Moneybox

Portland’s Urban Freeways

I’m here for a couple of days in Portland, Ore., a renowned center of progressive urbanism known for its commitment to excellent bicycle infrastructure and its recent investments in mass transit. And it’s all true. There’s lots of biking here. I rode the MAX Light Rail from the airport to my hotel, took a nice long 30-minute walk to a great dinner in a great neighborhood on the other side of the river last night, and took the MAX back. There are some solid frequent bus lines. People have a lot of the right ideas.

But there’s also this freeway system. 84 bisects the east-of-the-river neighborhoods into cleaved-apart northern and southern sections. Where I’m staying near the Convention Center is cut off from the basketball arena and other things right down by the river. The urban core west of the river is cut off from the surrounding neighborhoods by a freeway loop. And the upshot of all this is not only to degrade the experience in the urban areas, it’s to ensure that the residents of auto-centric suburbs have easy access via private car to all the different amenities of the city.

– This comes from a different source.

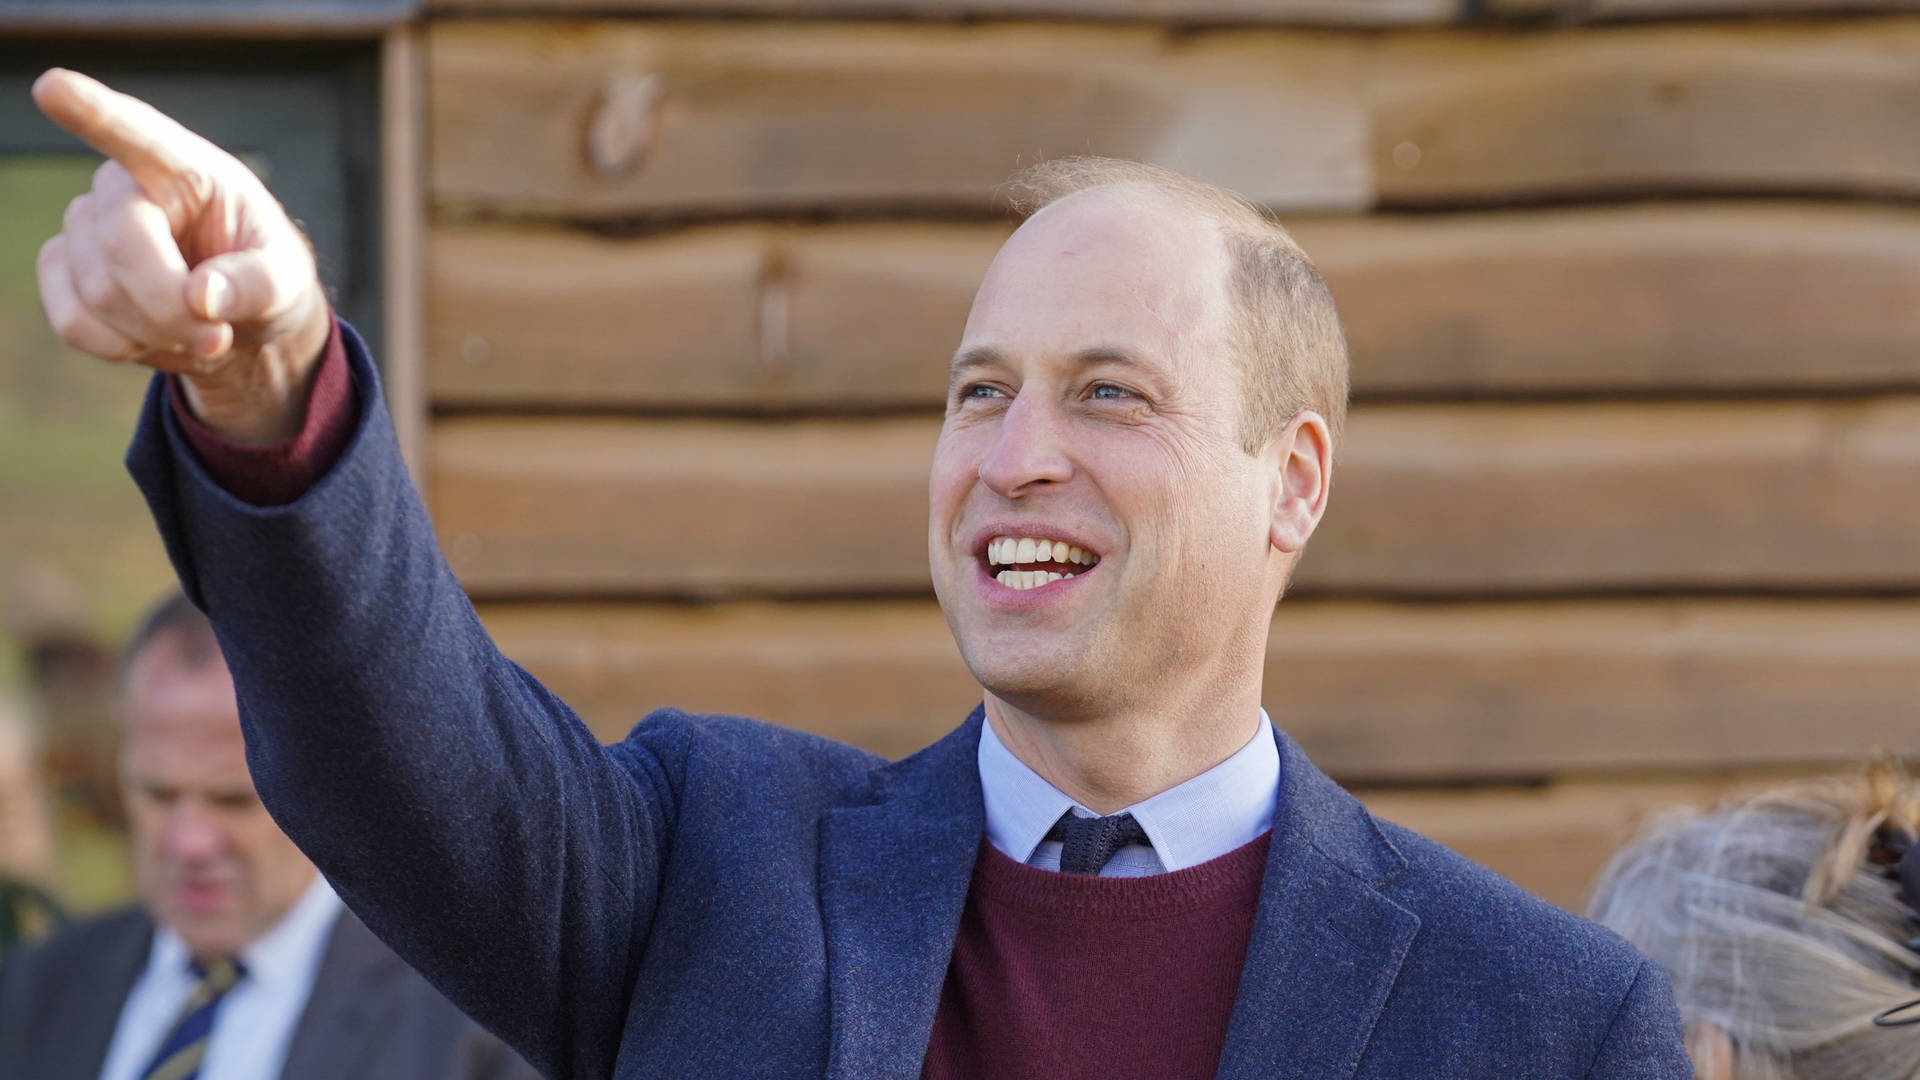 Prince William With A Cheerful Display Of Pointing And Smiling

There’s nothing particularly unusual about this—almost all American cities were afflicted by the great urban freeway binge of the postwar decades. But these matters can be really important in shaping metro areas, and even though freeway removal projects don’t quite have the sex appeal of new rail investments they can be just as valuable. A nice new at-grade boulevard that interacts with the street grid and has room for a dedicated bus lane can be a wonderful thing.